If you do need `Arc` support, then I'd keep it this way, but I don't
know if you do need it.
>>> +
>>> + /// Create a pool.
>>> + fn create(name: CString, gfp: Flags) -> Result<Self::Pool>;
>>> +
>>> + /// Allocate an object of `size` bytes from `pool`, with the allocation flags `gfp` and
>>> + /// preferred NUMA node `nid`. If the allocation is successful, an opaque handle is returned.
>>> + fn malloc(
>>> + pool: <Self::Pool as ForeignOwnable>::Borrowed<'_>,
>>> + size: usize,
>>> + gfp: Flags,
>>> + nid: NumaNode,
>>> + ) -> Result<ZpoolHandle>;
>>> +
>>> + /// Free an object previously allocated from the `pool`, represented by `handle`.
>>> + ///
>>> + /// # Safety
>>> + ///
>>> + /// - `handle` must be a valid handle previously returned by `malloc`.
>>> + /// - `handle` must not be used any more after the call to `free`.
>>> + unsafe fn free(pool: <Self::Pool as ForeignOwnable>::Borrowed<'_>, handle: ZpoolHandle);
>>> +
>>> + /// Make all the necessary preparations for the caller to be able to read from the object
>>> + /// represented by `handle` and return a valid pointer to that object's memory to be read.
>>> + ///
>>> + /// # Safety
>>> + ///
>>> + /// - `handle` must be a valid handle previously returned by `malloc`.

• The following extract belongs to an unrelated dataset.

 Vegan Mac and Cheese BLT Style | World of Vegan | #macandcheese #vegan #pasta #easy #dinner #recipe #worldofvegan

>>> + /// - `read_end` with the same `handle` must be called for each `read_begin`.
>>> + unsafe fn read_begin(
>>> + pool: <Self::Pool as ForeignOwnable>::Borrowed<'_>,
>>> + handle: ZpoolHandle,
>>> + ) -> NonNull<u8>;
>>> +
>>> + /// Finish reading from a previously allocated `handle`. `handle_mem` must be the pointer
>>> + /// previously returned by `read_begin`.
>>> + ///
>>> + /// # Safety
>>> + ///
>>> + /// - `handle` must be a valid handle previously returned by `malloc`.

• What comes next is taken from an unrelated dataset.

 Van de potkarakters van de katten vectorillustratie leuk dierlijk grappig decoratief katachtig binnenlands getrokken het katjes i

>>> + /// - `handle_mem` must be the pointer previously returned by `read_begin`.
>>> + unsafe fn read_end(
>>> + pool: <Self::Pool as ForeignOwnable>::Borrowed<'_>,
>>> + handle: ZpoolHandle,
>>> + handle_mem: NonNull<u8>,
>>> + );
>>> +
>>> + /// Write to the object represented by a previously allocated `handle`. `handle_mem` points
>>> + /// to the memory to copy data from, and `mem_len` defines the length of the data block to
>>> + /// be copied.
>>> + ///
>>> + /// # Safety
>>> + ///
>>> + /// - `handle` must be a valid handle previously returned by `malloc`.

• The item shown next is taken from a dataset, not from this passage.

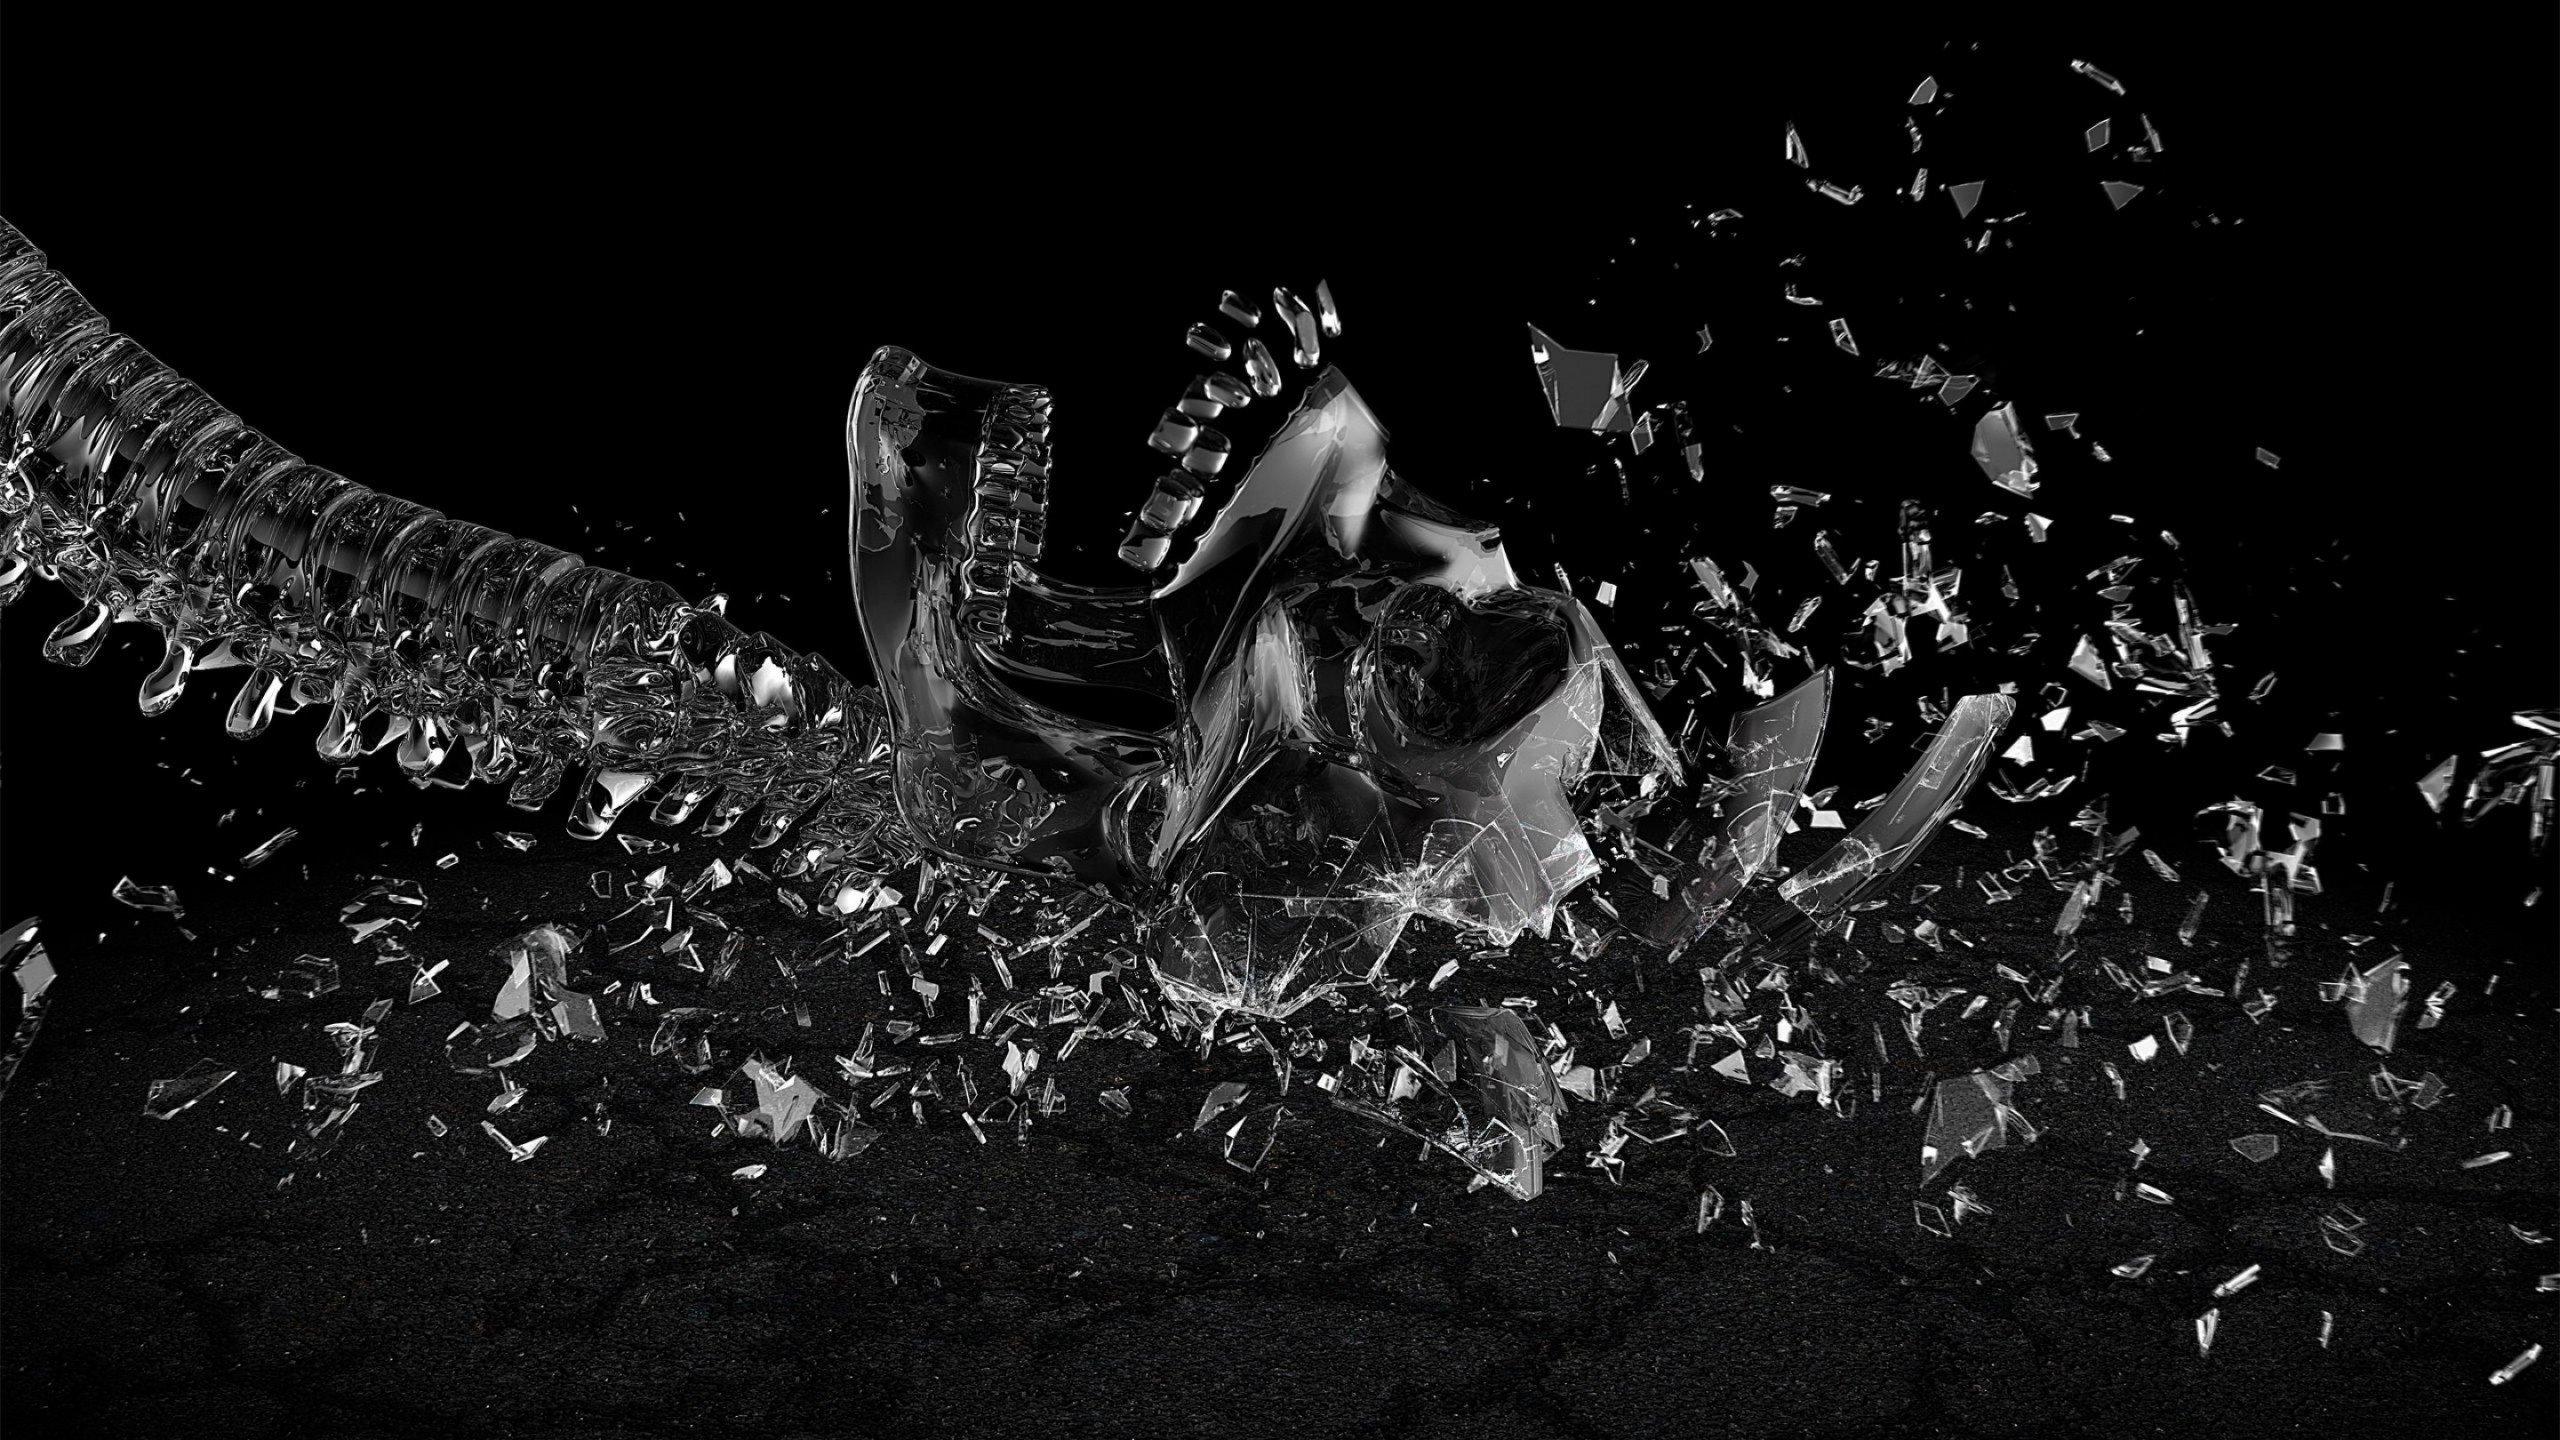 3d gebroken glas achtergrond HD wallpapers Gratis achtergronden 2560x1440

>>> + /// - `handle_mem` must be a valid pointer into the allocated memory aread represented by
>>> + /// `handle`.
>>> + /// - `handle_mem + mem_len - 1` must not point outside the allocated memory area.
>>> + unsafe fn write(
>>> + pool: <Self::Pool as ForeignOwnable>::Borrowed<'_>,
>>> + handle: ZpoolHandle,
>>> + handle_mem: NonNull<u8>,
>>> + mem_len: usize,
>>> + );
>>> +
>>> + /// Get the number of pages used by the `pool`.
>>> + fn total_pages(pool: <Self::Pool as ForeignOwnable>::Borrowed<'_>) -> u64;
>>> +}
>>> +
>>> +/// Provide a zpool allocator to zswap
>>> +#[macro_export]
>>> +macro_rules! DECLARE_ZPOOL {
>>
>> Why all caps and not snake case?
>
> C style, sorry :) Will fix.
>
>>> + ($t: ident) => {
>>> + use core::ptr::null_mut;
>>> + use kernel::error::from_result;
>>> + use kernel::types::ForeignOwnable;
>>
>> Macros shouldn't have `use` statements in a non-local area (so inside
>> `const` bodies and modules is fine).
>>
>>> +
>>> + const __LOG_PREFIX: &[u8] = b"zpool_rust\0";
>>
>> This seems wrong. Why do you need to generate this? Shouldn't the user
>> still invoke `module!` or a similar macro?
>
> Unfortunately not. As we have discussed at Kangrejos, the zpool
> implementation as a driver is on its way out [1] and there has to be
> more voices against that for it to be stopped. If we now are dealing
> with the build time API (i. e. a wrapper over zsmalloc functions) then
> we have to define a build time macro, be that DECLARE_ZPOOL or
> DeclareZpool :)
But this macro shouldn't declare the `__LOG_PREFIX` const? What if I
want to have a zpool driver in addition to having a module? Or is that
impossible to begin with?
>>> +
>>> + fn handle_from_result<T, F>(f: F) -> T
>>> + where
>>> + T: From<usize>,
>>> + F: FnOnce() -> Result<T>,
>>> + {
>>> + match f() {
>>> + Ok(v) => v,
>>> + Err(e) => T::from(0),
>>> + }
>>> + }
>>
>> Why is this function inside the macro?
>
> Doesn't seem to be needed elsewhere. I could put it in a separate patch
> for error.rs as a complement to from_result() but I thought no one was
> interested in this case.
Now that I look more closely at this function, why does it even exist?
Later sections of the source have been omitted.